_WORK ITEM:_ Reproduce the entries below exactly, but only from the line containing "Emergency Operation Center - Phase 1" to the line containing "Kundenspezifisches Design von", inclusive.

_SUPPLIED ENTRIES:_
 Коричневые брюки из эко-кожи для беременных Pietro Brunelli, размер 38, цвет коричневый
---
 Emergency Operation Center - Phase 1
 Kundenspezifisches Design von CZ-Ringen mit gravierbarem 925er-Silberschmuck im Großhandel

_ANSWER SPACE:_
 Emergency Operation Center - Phase 1
 Kundenspezifisches Design von CZ-Ringen mit gravierbarem 925er-Silberschmuck im Großhandel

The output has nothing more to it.